You likewise have computers to worry about. Hedge-fund-run, turbocharged supercomputers, loaded with high-frequency trading algorithms that see a stock step and quickly perform 10,000 micro-trades on the Nasdaq at light rate … all while you are still mousing over to the ‘get it now’ button.
Trying to beat those chances– whether you are a young brand-new mother or a rich, middle-aged white man with no kids and a degree from Wharton– is not really simply egotistical. It’s downright suicidal.
Play to Your Strengths
So what’s the average investor to do when faced with such long odds? Quit, log off, and resign yourself to having your cost savings earn 0.01 percent interest in a checking account? Barely. Even if you cannot succeed by trading stocks, you can still beat the marketplace bigwigs by buying stocks for the long-term.

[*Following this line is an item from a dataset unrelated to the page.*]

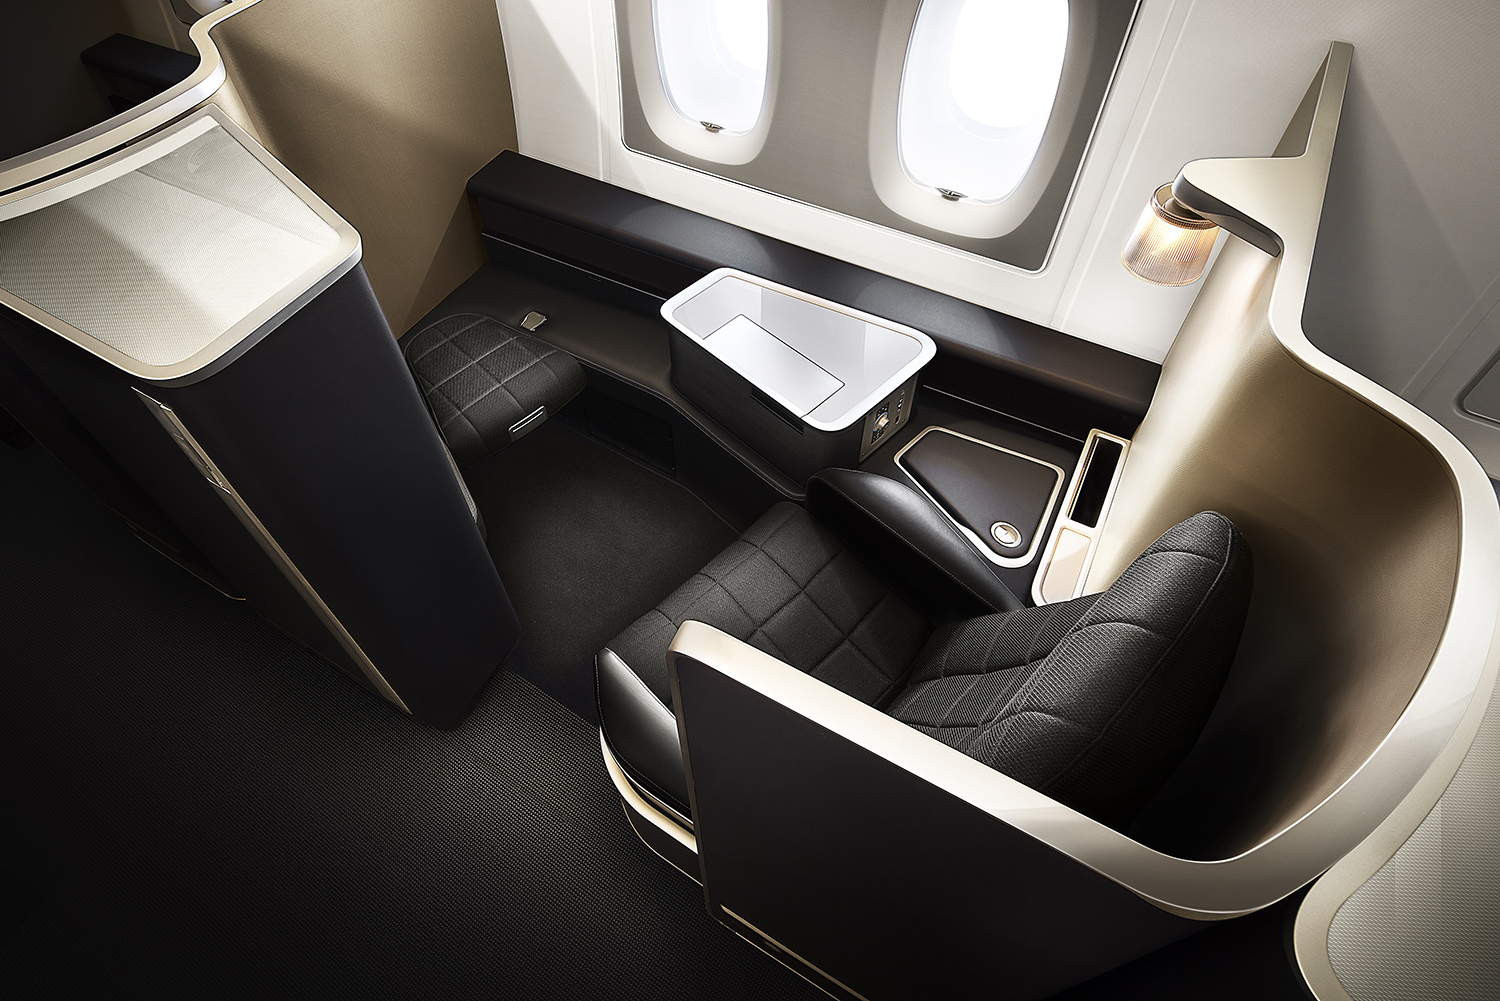 How to get a legitimate upgrade to first class
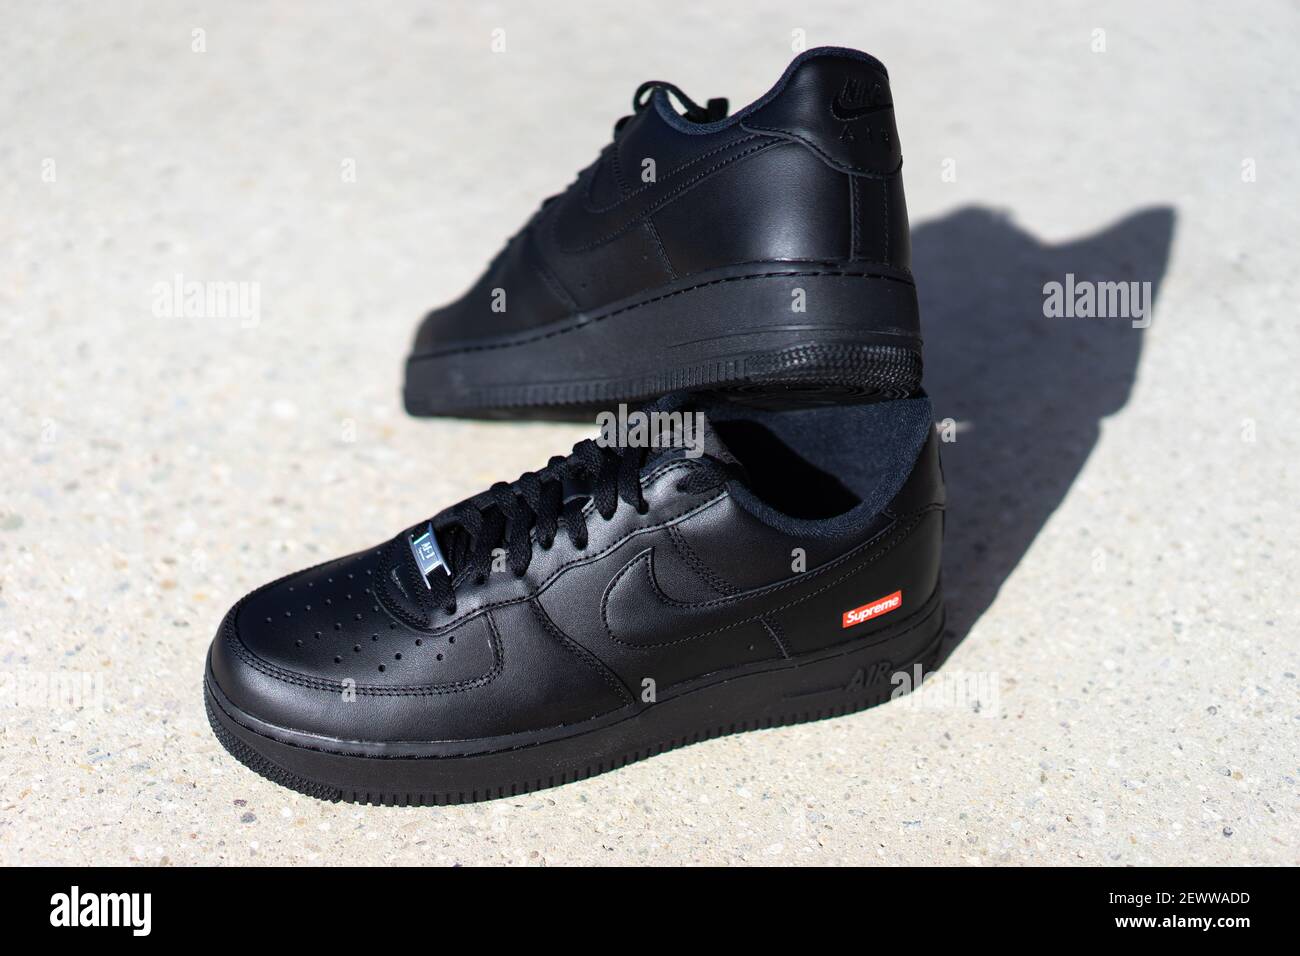 all black air force 1 low

Remember: Research shows that in spite of all the workforce, data, and computer systems at their disposal, the average UNITED STATE hedge fund still underperforms the S&P 500 over both 3- and 10-year historical time periods. While the ‘specialists’ are scrabbling for pennies on the NYSE trading floor, concentrated on their efficiency minute-to-minute, they are disregarding the larger image.
And that’s where you’ve an advantage.
If stock traders have an edge over the little investor in the short term, then over longer time frames they are as most likely as not to quit their short-term gains. Simply bybuying and holding a basic S&P 500 index fund or ETF– the SPDR S&P 500 (SPY), for example– you can short-circuit the supercomputers’ advantages, and outshine most of hedge funds.
When you get right down to it, Mr. Jones was more right than even he understood. Females with kids shouldn’t trade stocks. Nobody needs to trade stocks. But we can all do pretty well by investing in stocks.
Motley Fool factor Rich Smith does have children, and does not trade stocks. He does, nonetheless, invest in them.